В работе Д.Вайса [17] исследуется слово человек, его парадигматические и синтагматические особенности, а также поведение в различных контекстах, в том числе в ряде пословиц и связанных сочетаний типа молодой человек. Выводы подкрепляются опросом информантов, характеристика которых приводится в сжатой форме и не дает полного представления о них. Опрос информантов показывает весьма противоречивую картину. Тем не менее, за исключением ряда случаев, когда аргументации Д.Вайса явно не согласуется с нашим чувством языка, автор убедительно показывает весьма противоречивую картину. Тем не менее, за исключением ряда случаев, когда аргументация Д.Вайса явно не согласуется с нашим чувством языка, автор убедительно показывает, что слово человек и мужчина не идентичны, сексизм присутствует в более скрытом виде). Таким образом, специализированное по полу и неспецифицированные значения слова человек находятся в отношении комплементарности.
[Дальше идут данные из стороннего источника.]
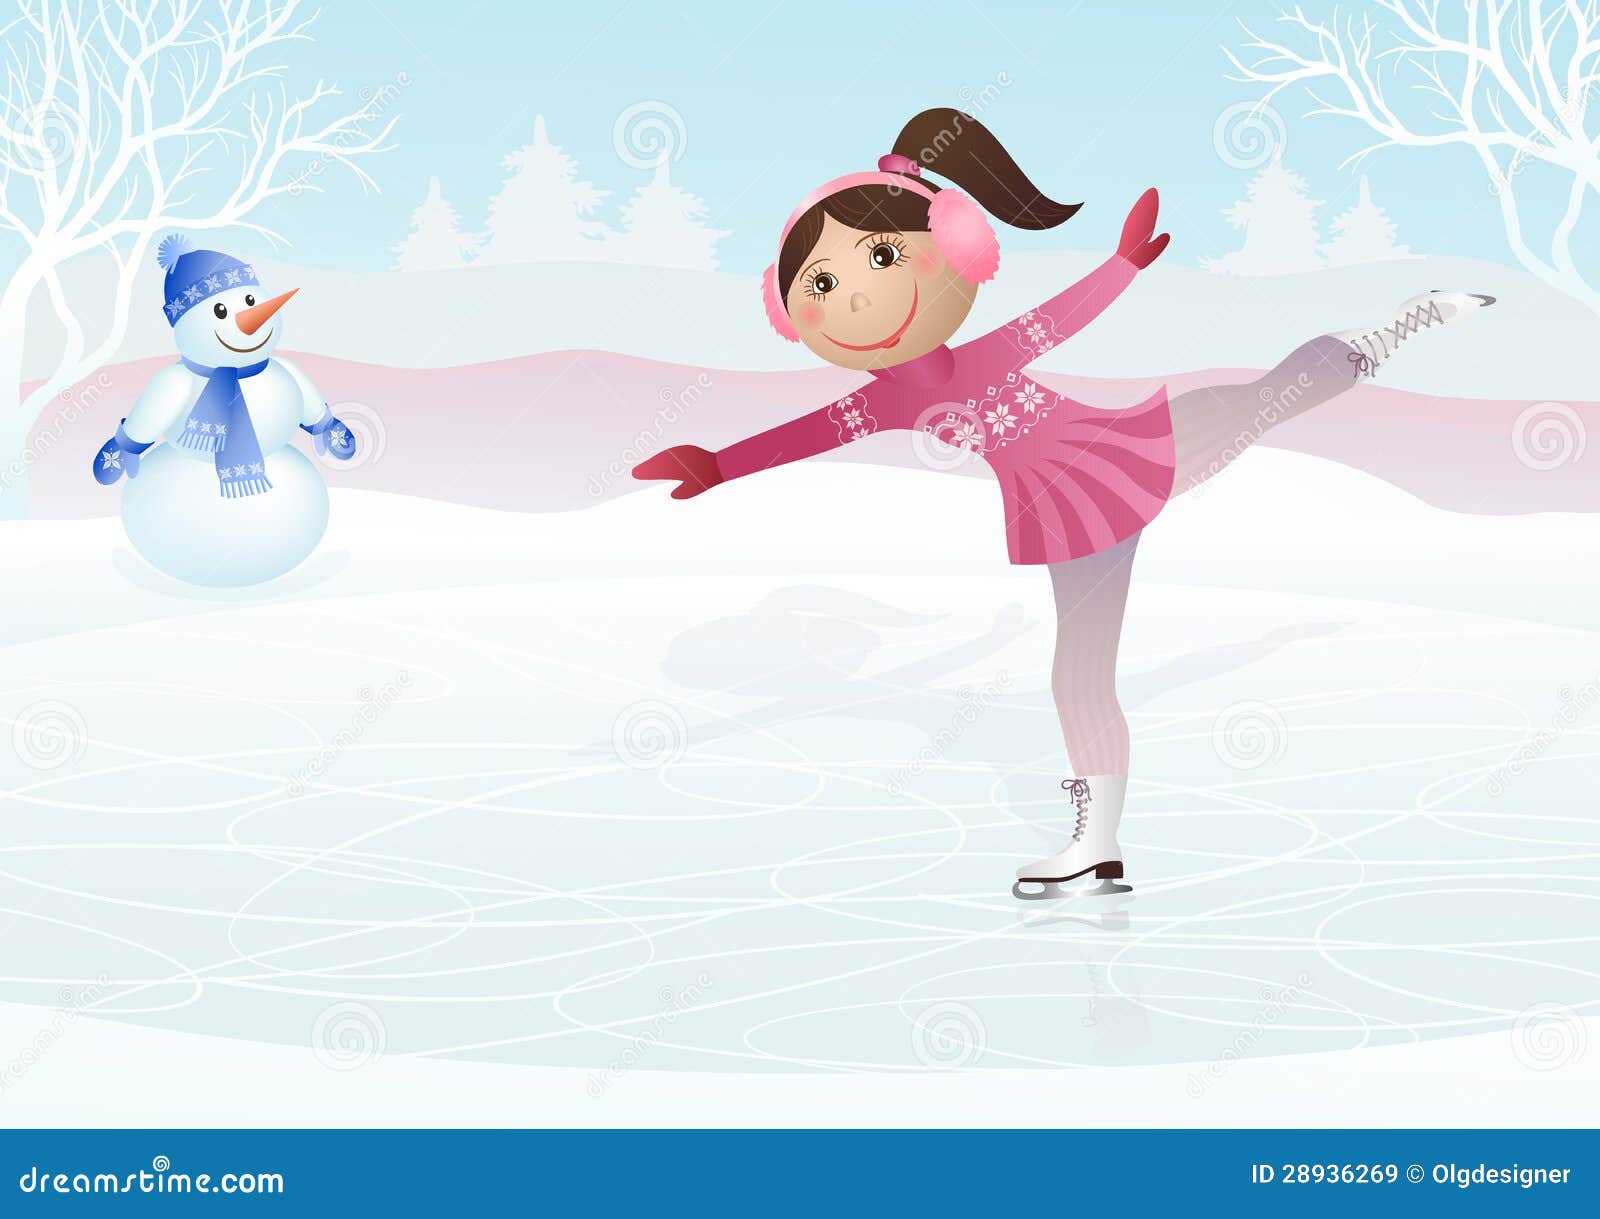 Фонарь на катке 9 букв. Девочка на льду. Девочка катается на коньках. Фигуристы на льду. Маленькие фигуристки катаются на льду.

Человек означает только "мужчина" в случаях "близкой" и "недистантной" референции и в случаях, когда человек помещается в контекст, типичный для описания лиц женского пола: Из-за угла выскочил человек в желтой шубке с ярко накрашенными губами и огромными серьгами [17, с. 424]. Д.Вайс обращает внимание на отсутствие в словарях русского языка информации о рестрикциях употребления слова человек в зависимости от того, к лицу какого пола относится это слово. Вместе с тем, автор не видит оснований говорить о многозначности слова человек.
В работах Д. Вайса рассматривается также способность русского языка выражать половую принадлежность лица [18]. Сопоставляя русский и польский языки, автор устанавливает формальные средства для выражения категории пола. Рассмотрев широкий спектр случаев от лексических средств до морфологических и синтаксических, автор приходит к выводу о том, что в русском языке, по сравнению с польским, менее развита система парных соответствий по типу «обозначение лица мужского пола - обозначение лица женского пола». Это выражается в том, что таких парных соответствий немного, суффиксы, обозначающие лиц женского пола, в большинстве своем не нейтральны и поэтому в официальном общении не употребляются. В целом автор констатирует, что русский язык более, чем польский, склонен к маскулинизации и что он развивает относительно малое количество парных соответствий. Здесь мы встречаемся с исходными установками и «лингвистическими аксиомами» феминистской идеологии: пол является важнейшим личностным параметром; «правильный язык» должен содержать одинаковое количество мужских и женских номинаций с коррелирующей семантикой; имена существительные мужского рода со значением лица обозначают только мужчин. Об идеологической ангажированности говорит и сама аргументация автора: ср. характерные формулировки типа gaps, masculinization of female referents, compensatory techniques.
Не только в трудах Д. Вайса, но и в целом ряде работ других авторов внимание сконцентрировано на соотношении значений слов человек и женщина. Можно предположить, что по умолчанию подразумевается квази-синонимия слов человек и мужчина. Однако в разных языках такой семантический параллелизм выражен с разной степенью интенсивности, что признает и сам Д. Вайс.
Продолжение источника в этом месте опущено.